Usually you would run a MapReduce job to store intermediate results
and then another job to process aggregated or final results.
Sometimes this can be done in a single job, sometimes not. Take a
look at the Hadoop example for Grep or WordCount for example jobs.
Yep. I'm able to chain jobs together. In one case, I am counting
URLs and Noun Phrases for documents retrieved during a certain run.
In order to normalize the URLs and NP counts, I want to divide by the
total number of URLs or NPs for that time period. I seem to have 2
choices:
1 - I can aggregate the counts during the Map/Reduce task that culls
the URLs and NPs
2 - I can run another Map/Reduce task on the URL and NP sets to count
the number of documents.
It seems that if I do the latter, it's another iteration over the
data set which seems expensive. Is #2 the best choice?
Is there a way to map a collection of words or documents to
associated numbers so that indexing could be based on the word
number and/or document number rather than actual word and actual
URL? Because the reduce tasks take place in separate processes,
it seems that there's no way to coordinate the ordinal counting.

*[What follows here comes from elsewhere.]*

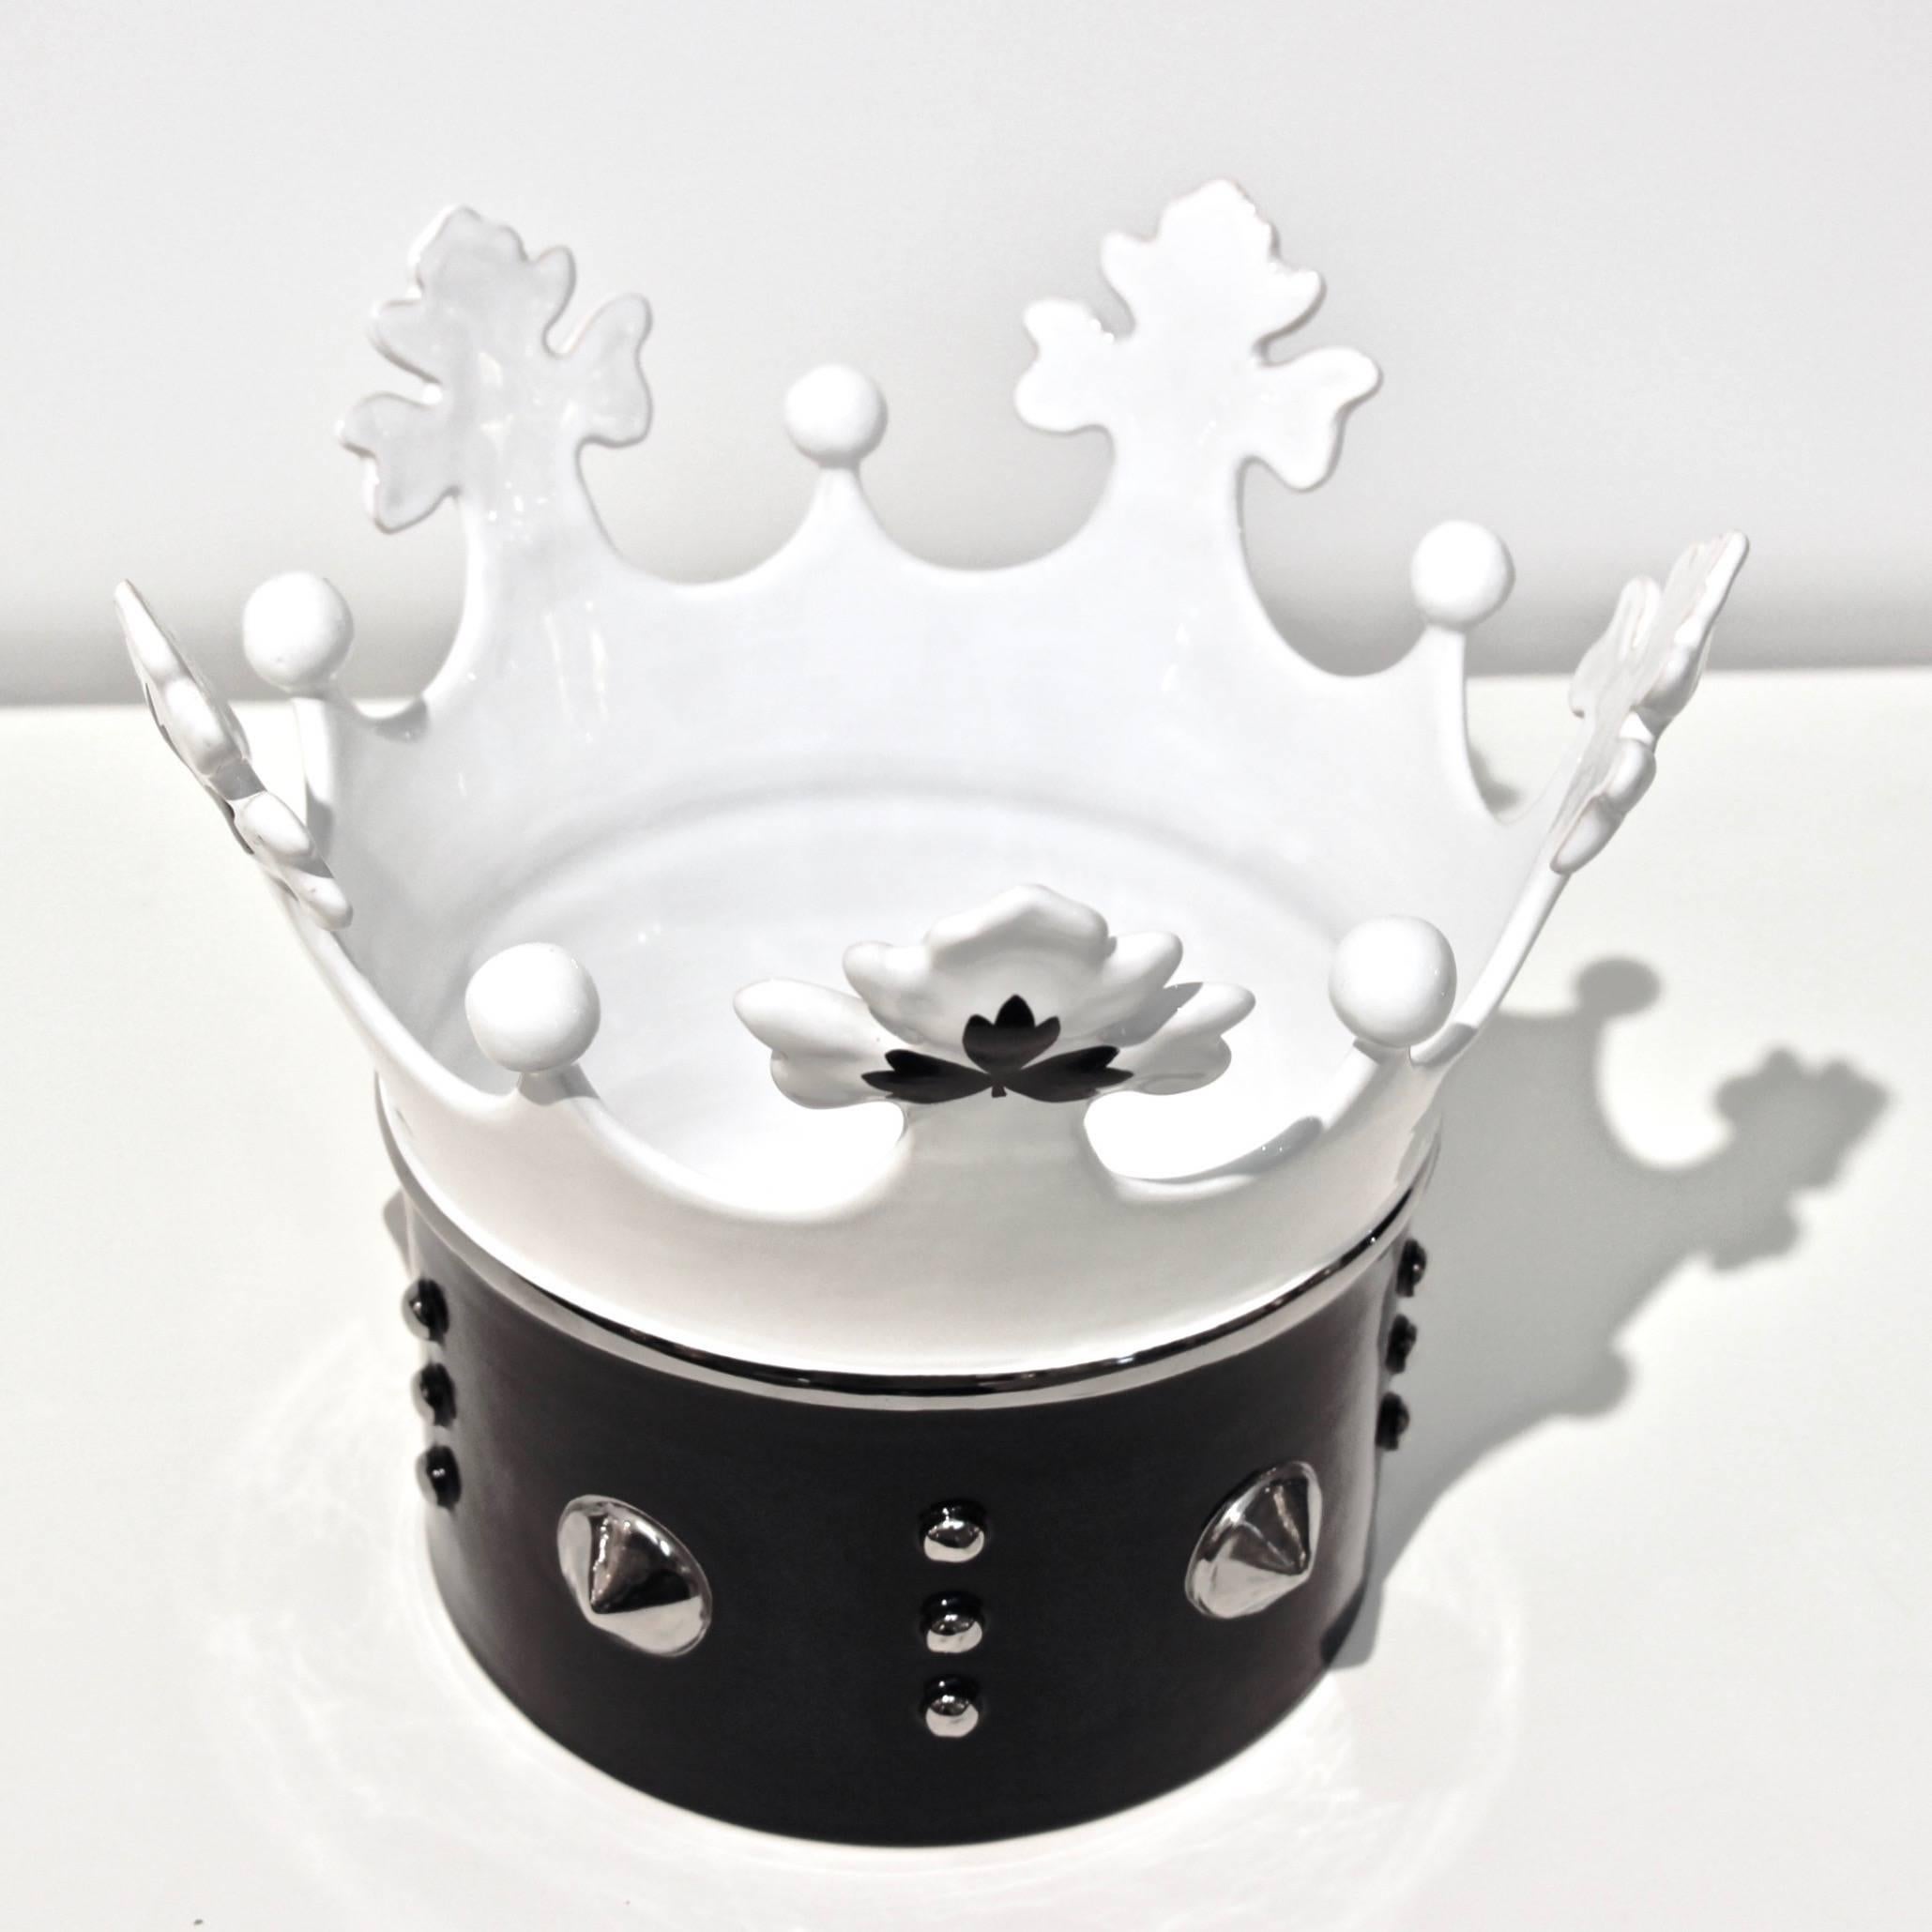 Contemporary handmade Italian work of art, a bowl in the shape of a crown in majolica by Ceramica Gatti, a long tradition studio and famous designer Ettore Sottsass' favorite. This Art Deco style piece is hand enameled in black and white and

If you are talking about Index document id then you would need to
read the index and map url to document id and then a second job
would map id to whatever else by url. If you are wanting count
each word globally across all tasks and splits you can coordinate
it within splits by using a MapRunner but across splits I don't
know of a way to do that.
Yep... I'm looking to generate a unique ID across all the MR tasks.
Basically, I want a file that looks like:
apple 1
beta 2
cat 3
dog 4
moose 5
....
Is there a final merge task that merges all the reductions together?
If so, perhaps I could do the count in the final merge. Any idea is
the final merge is accessible?
Thanks,
David
Dennis
Thanks,
David